Tui Samoa

Personal information
- Full name: Tuisegasega Samoa
- Born: April 29, 1983 (age 41) Brooklyn, New York
- Height: 5 ft 9 in (175 cm)
- Weight: 190 lb (86 kg)

Playing information
- Position: Hooker, Lock, Halfback
Club
| Years | Team | Pld | T | G | FG | P |
|  | Redcliffe Dolphins | 0 | 0 | 0 | 0 | 0 |
Representative
| Years | Team | Pld | T | G | FG | P |
| 2004 | American Samoa | 1 | 1 | 0 | 0 | 4 |
| 2013 | United States | 4 | 2 | 0 | 0 | 8 |
- Source: As of August 29, 2021

= Tui Samoa =

United States international rugby league player

Tui Samoa is an American rugby league player who plays for the Junee Diesels in the Group 9 Rugby League competition.
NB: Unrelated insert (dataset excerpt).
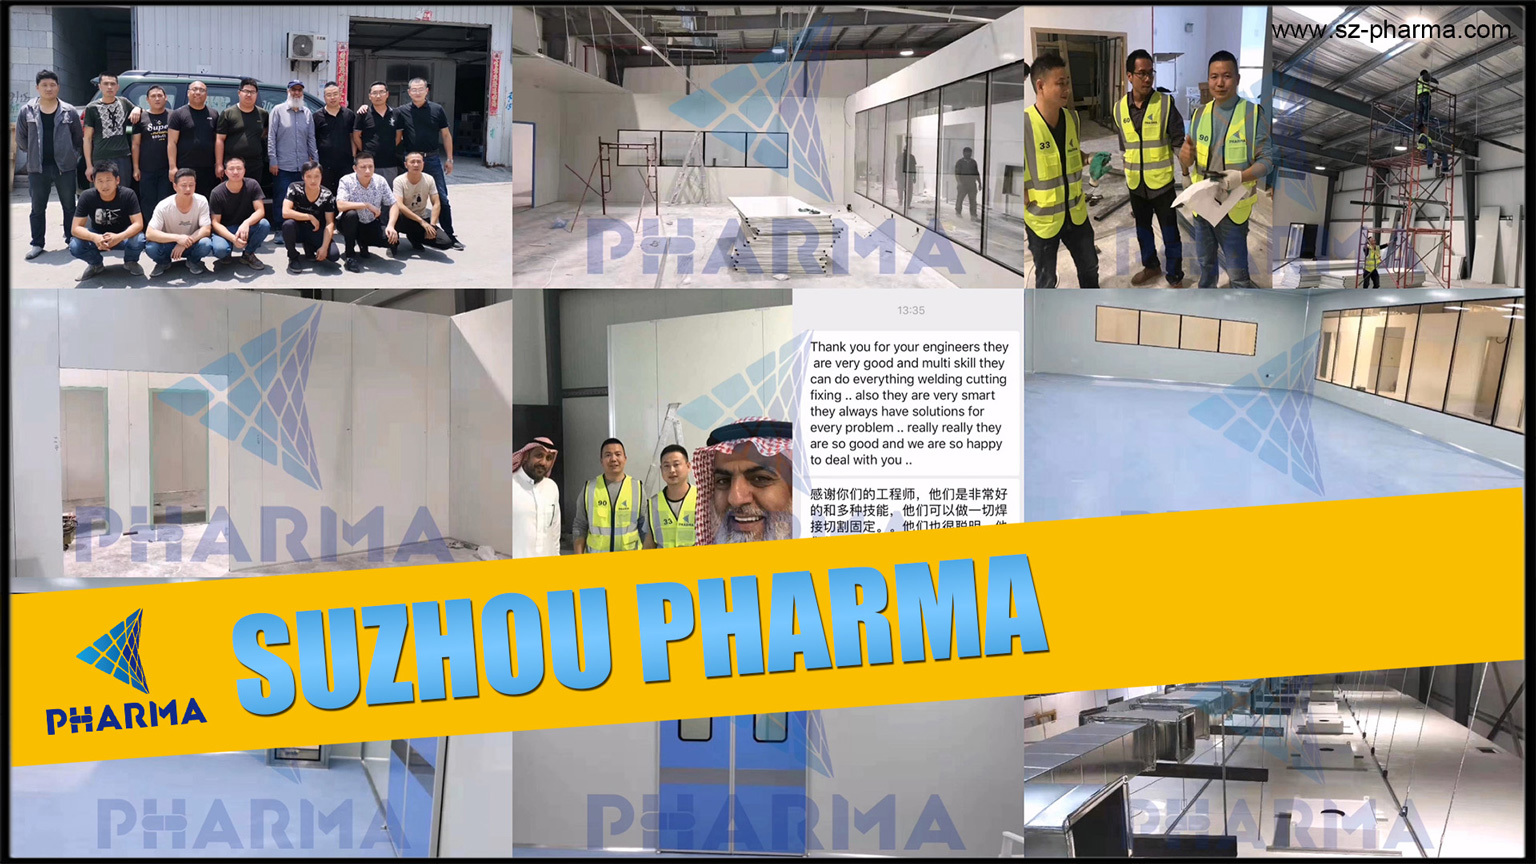 Pharmacy Industry Cleanroom in Saudi Arabia

He primarily plays as a hooker, but can play as a lock and halfback. He is a United States International.

==Playing career==
He played for American Samoa in the 2004 Pacific Cup on October 20, 2004 in Auckland.

Samoa has played for the United States in both the 2013 and 2017 Rugby League World Cup.

He has previously played for the Redcliffe Dolphins in the Intrust Super Cup.